The OpenStreetMap enrichment supports the following feature types:

  1. Water Bodies: Rivers, lakes, reservoirs, etc.

    • min_area: Minimum area in square meters (default: 10000)
    • top_n: Number of largest water bodies to track individually (default: 5)
  2. Transportation: Major roads, railways, etc.

    • min_length: Minimum length in meters (default: 1000)
    • top_n: Number of longest transportation routes to track individually (default: 5)
  3. Educational Institutions: Universities, colleges, etc.

    • min_area: Minimum area in square meters (default: 1000)
    • top_n: Number of largest institutions to track individually (default: 5)
  4. Parks: Public parks, gardens, playgrounds, etc.
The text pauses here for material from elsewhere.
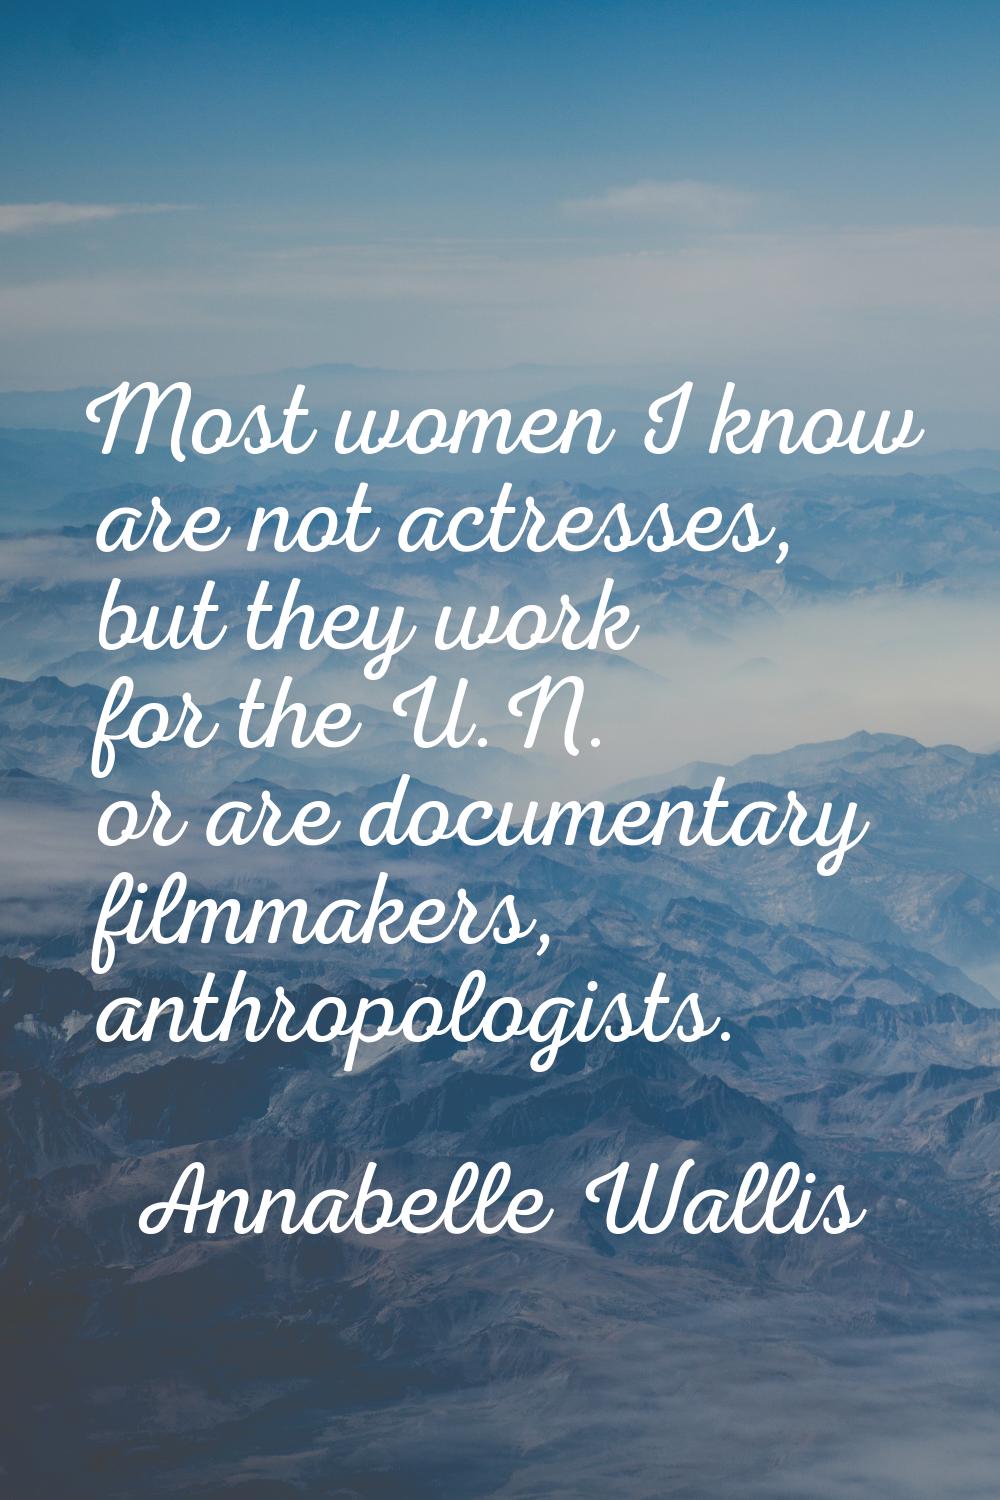 Most women I know are not actresses, but they work for the U.N. or are documentary filmmakers, anth

    • min_area: Minimum area in square meters (default: 2000)
    • top_n: Number of largest parks to track individually (default: 5)
  5. Golf Courses: Golf courses and related facilities

    • min_area: Minimum area in square meters (default: 10000)
    • top_n: Number of largest golf courses to track individually (default: 3)

Distance Calculations

For each feature type, the enrichment calculates:

  1. Aggregate distances: Distance to the nearest feature of that type

    • Output variable: dist_to_[feature_type]_any (in meters)
  2. Individual distances: Distance to each of the top N largest features

    • Output variable: dist_to_[feature_type]_[feature_name] (in meters)
    • Example: dist_to_parks_central_park

Configuration Options

  • enabled: Set to true to enable OpenStreetMap enrichment
  • min_area/min_length: Filter out features smaller than this threshold
  • top_n: Number of largest features to track individually
  • sort_by: Property to use for sorting features (area or length)
  • max_distance: Maximum distance to calculate (in meters)
  • unit: Unit of measurement for distances (m for meters)

The OpenStreetMap enrichment will automatically join geographic feature data to your parcels using spatial joins, adding distance-based features to your dataset.